Question

Four times the sum of three consecutive odd integers is seven hundred sixty-five less than three times the product of the larger two numbers. What are the three integers?
this was my initial answer to the question:
(x-2), x, (x+2)

4((x+2) + x+ (x-2))=3((x+2)(x)) – 765

4(3x)=3x2+6x-765

4x=x2+2x-255

X2-2x-255=0

X2-17x+15x-255=0

X(x-17)+15(x-17)=0

(x+15)(x-17)=0

(x-17)=0

X=17
however it was sent back to me with:
'You should end up with 2 values for x.
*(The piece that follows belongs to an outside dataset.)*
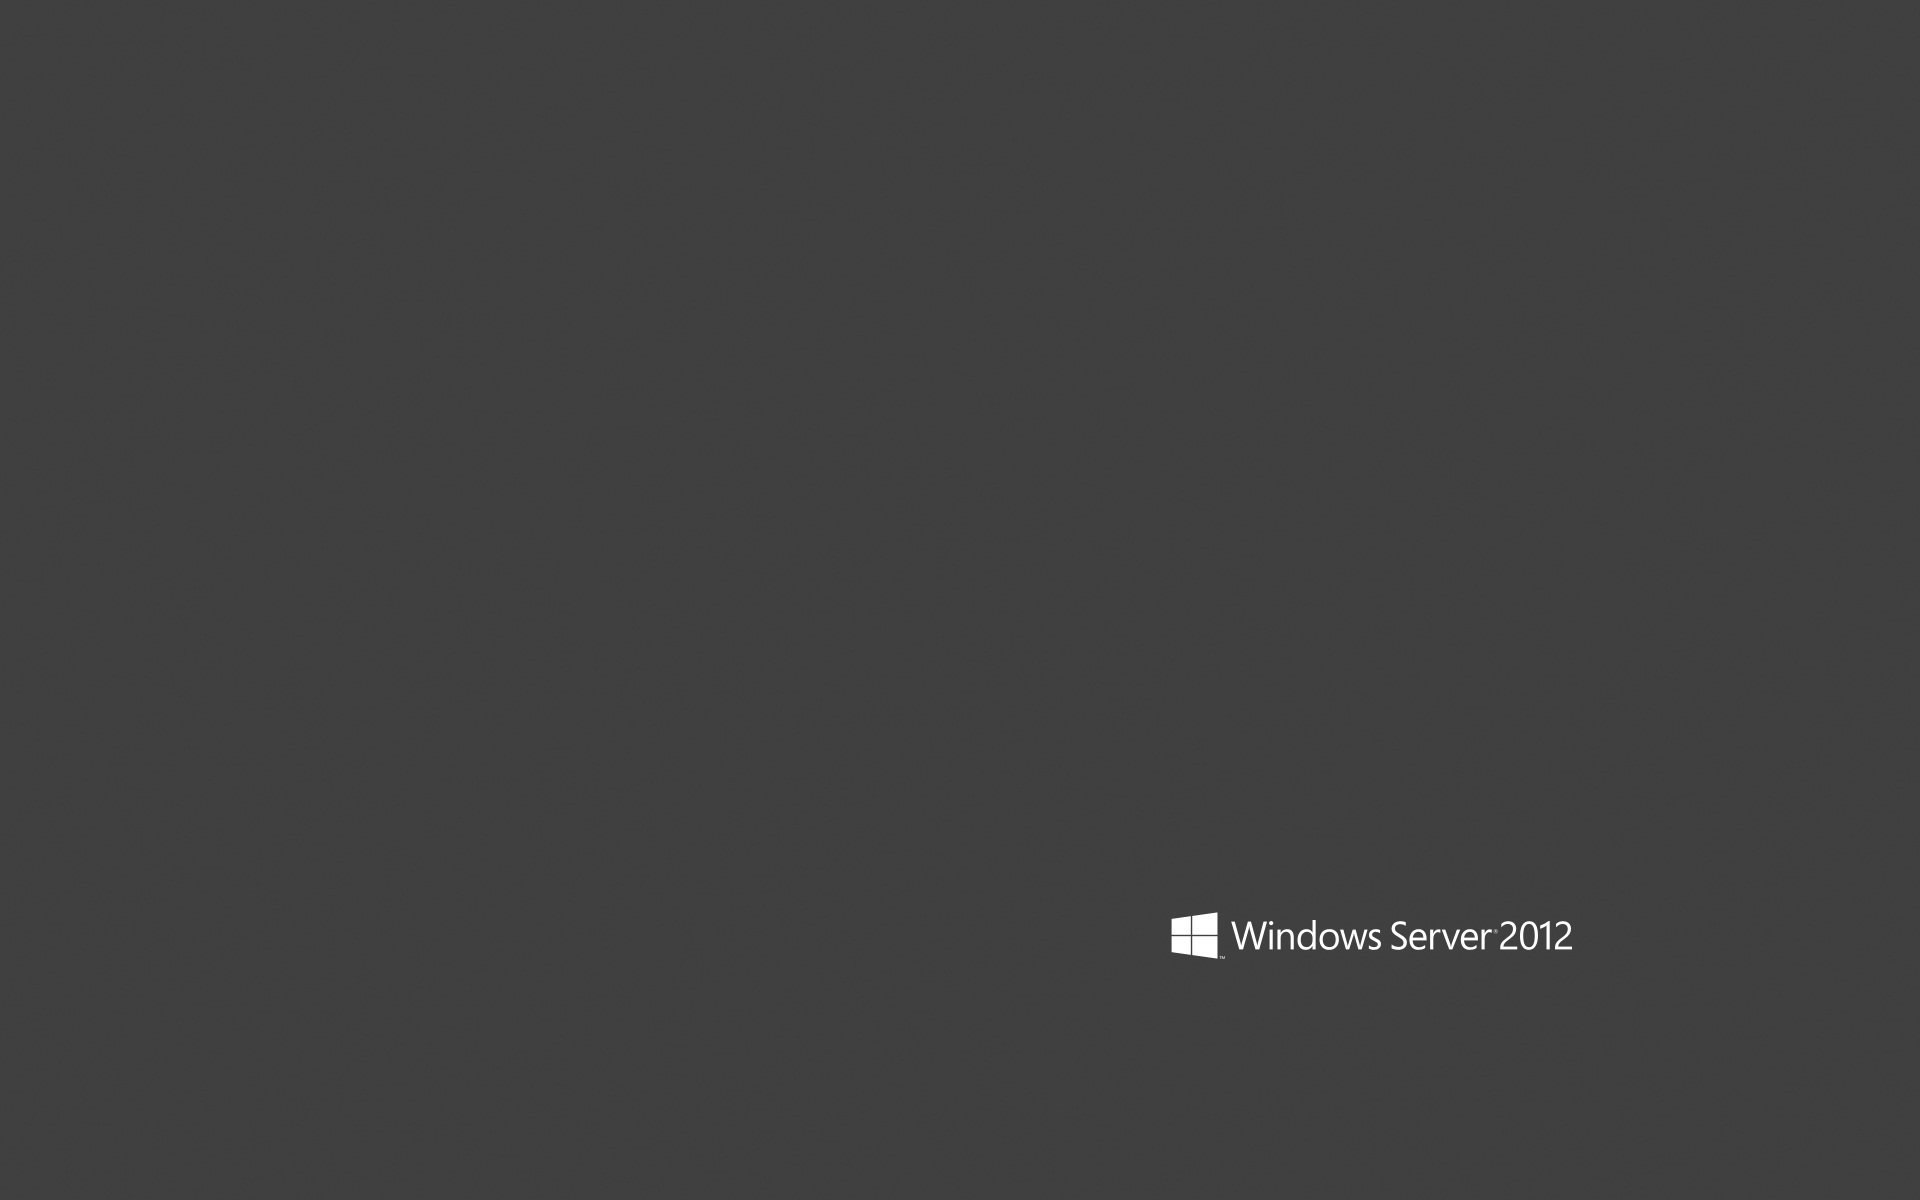 Windows Server 2012 Default Wallpaper by alexstrand7 on DeviantArt

You then need to write the two sets of three integers.'

I am unsure as to what i am supposed to do with this now :/
Thanks

Answer 1

Answer:

The consecutive odd integers are (15, 17, 19) or (-17, -15, -13).

Step-by-step explanation:

Let the three consecutive odd integers be: $x-2,x\ and \ x+2$

The condition given is:

$4[x-2+x+x+2]=3x(x+2)-765$

Solve this for x as follows:

$4[x-2+x+x+2]=3x(x+2)-765\\4\times 3x=3x^{2}+6x-765\\3x^{2}-6x-765=0\\x^{2}-2x-255=0\\x^{2}-17x+15x-255=0\\x(x-17)+15(x-17)=0\\(x-17)(x+15)=0$

• If $(x-17)=0$ then the value of x is 17.

       The odd numbers are:

          $x-2=17-2=15\\x=17\\x+2=17+2=19$

• If $(x+15)=0$ then the value of x is -15.

       The odd numbers are:

         $x-2=-15-2=-17\\x=-15\\x+2=-15+2=-13$

Thus, the consecutive odd integers are (15, 17, 19) or (-17, -15, -13).